Scottish Film Events: January 2023

Start 2023 with a trip into the nightmarish worlds of David Lynch, an eye-popping 80s double-bill and a rarely-screened Studio Ghibli gem

Article by Jamie Dunn | 05 Jan 2023
  • Blue Velvet

What better way to spend the new year than by slipping down a rabbit hole of cinema with We're Not in Kansas Anymore, Glasgow Film Theatre’s retrospective exploring the intersection between the nightmarish cinema of David Lynch and Victor Fleming's The Wizard of Oz. The occasion for this wonderful film season (which runs until 10 Jan) is the release of Alexandre O. Philippe’s documentary Lynch/Oz, which examines the connective tissue between Lynch’s work and that 1939 Technicolor fantasy classic. 

Or how about a couple of grimy 80s flicks screening on 35mm? Celluloid-nut Matt Palmer (he of All Night Horror Madness) has programmed the tech-noir masterpiece The Terminator in a curious double-bill with Road House, that really good bad movie from 1989 in which Patrick Swayze plays Dalton, a zen bouncer with a masters in philosophy and a penchant for throat-ripping. Both are screening in 35mm and it’s fair to say you won’t see these two films paired together anywhere else any time soon (Cameo, Edinburgh, 13 Jan). 

We get the feeling Dalton would be a fan of Koyaanisqatsi, Godfrey Reggio’s trippy, sorrowful vision of our hyper-connected consumeristic world from 1982 that looks simultaneously prescient (from a 2023 lens) and dated (given how often Reggio’s time-lapse images have been ripped off over the years). It’s screening at DCA on 18 January as part of exhibition Plastic: Remaking Our World.

Also at DCA, there’s a screening of the underseen Studio Ghibli film Only Yesterday (23 Jan).

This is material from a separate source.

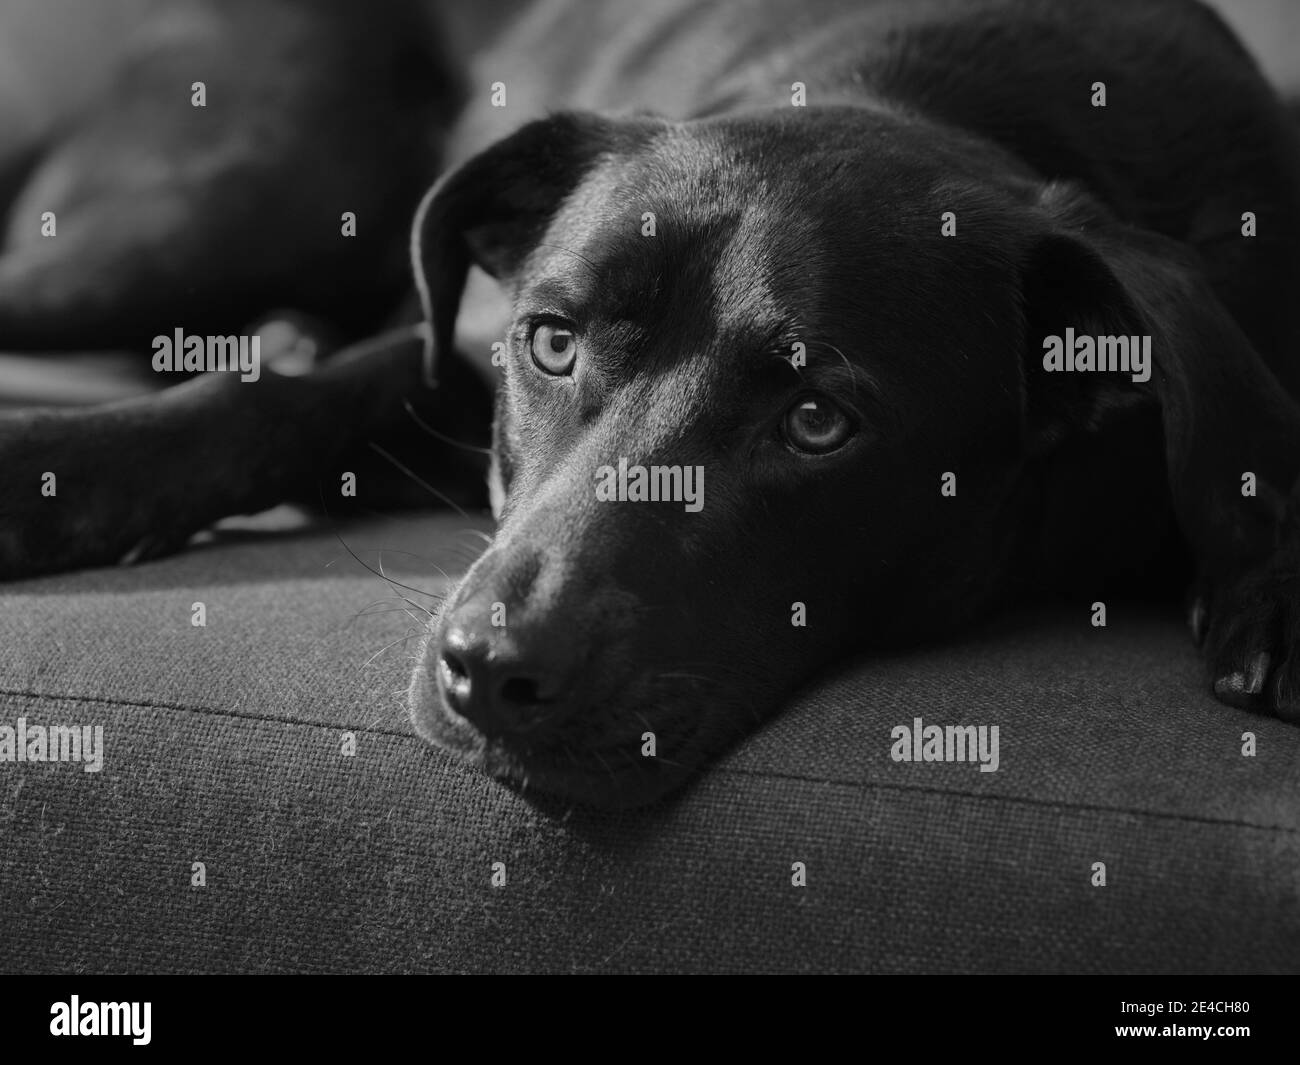 Faithful looking male dog, Labrador mix, on a sofa. Stock Photo

Chosen by artist Matthew Arthur Williams ahead of his DCA exhibition Soon Come, this is a rare chance to see a hidden gem of Ghibli’s colossal back catalogue. It’s one of their more low-key works, concerned with everyday observations of Japanese life rather than the fantasy and magic of other Ghibli films, but it’s no less great for that.

And finally, be sure to make it along to Cameo’s screening of Enys Men (11 Jan), Mark Jenkin’s followup to the brilliant Bait from 2019. Jenkin will be in Edinburgh for a Q&A following the film, and you’ll be hard-pressed to find a more passionate filmmaker. He's sure to have tonnes to say about the film’s tactile 16mm cinematography and its place in Cornish folk horror tradition.